By 2024, the digital yuan (e-CNY) has seen extensive adoption in China, covering a wide array of use cases from public transit to payroll for civil servants in major cities.
With a two-tiered structure, the People’s Bank of China (PBoC) oversees digital currency issuance, with large institutions like state-owned banks managing distribution. These banks enable users to access the digital yuan via digital wallets for seamless, everyday transactions.
Notably, cross-border payments with partners like Singapore’s DBS Bank and BNP Paribas demonstrate China’s ambition to integrate the digital yuan beyond its borders.
The impact of blockchain adoption is also highlighted by forecasts for regional blockchain spending. According to the IDC, the United States currently holds 39.7% of the global market share in blockchain spending, with China making up 11.2% (as shown in the graph below).

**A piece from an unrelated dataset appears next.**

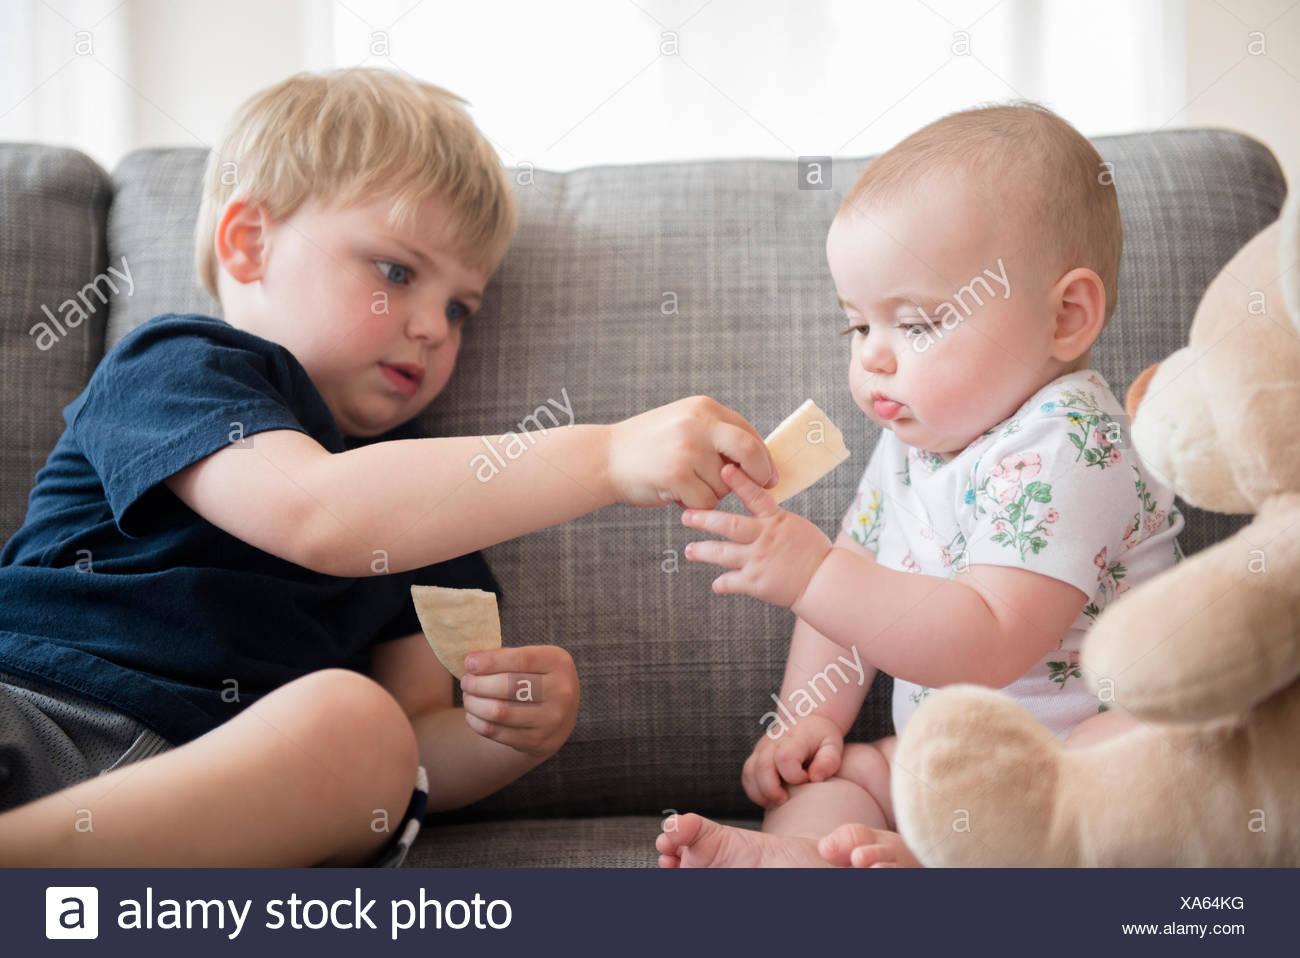 Bruder (2-3) Austausch von Cracker mit Babyschwester (12-17 Monate) Stockbild

This demonstrates China’s significant investment in blockchain, further supporting its ambitions to lead with its digital yuan in a future financial landscape.
BRICS and the New Currency
Parallel to China’s digital yuan rollout, BRICS nations have committed to launching a new currency designed to bypass the dollar in cross-border payments. Aimed for 2027, this currency will reportedly be backed by a basket of national currencies from BRICS countries and may incorporate blockchain technology for secure, dollar-free transactions.
The BRICS Pay system, under development, is expected to streamline this process, facilitating cross-border transactions without converting to the dollar, a step critical to furthering de-dollarization.
The BRICS currency plan builds on years of de-dollarization efforts by members like Russia, who have experienced the effects of U.S. sanctions through restricted access to SWIFT, the global payments network.
By creating an independent system, BRICS aims to offer an alternative to countries wary of dollar-linked sanctions, particularly those engaged in the Belt and Road Initiative (BRI), which already integrates digital yuan for seamless, scalable trade.
Rewriting Financial Power Dynamics
For crypto enthusiasts, these developments underscore a shift toward centralization as governments integrate blockchain not to decentralize but to maintain regulatory control. Although digital yuan’s underlying tech aligns with blockchain’s potential, it is centralized and controlled by the PBoC, sharply contrasting with decentralized assets like Bitcoin.
The dollar still dominates global finance, accounting for about 59% of world reserves. However, as the digital yuan and BRICS currency gain traction in markets across Asia, Africa, and Latin America, many expect a gradual erosion of this dominance.
BRICS’ use of blockchain to facilitate dollar-free transactions may incentivize more nations to diversify their currency reserves, potentially reducing dollar dependency
The partnership between BRICS and China’s digital yuan is part of a broader trend toward restructured financial systems, raising questions for the future of cryptocurrency. If successful, BRICS could reshape global trade dynamics and weaken the dollar’s grip on international finance.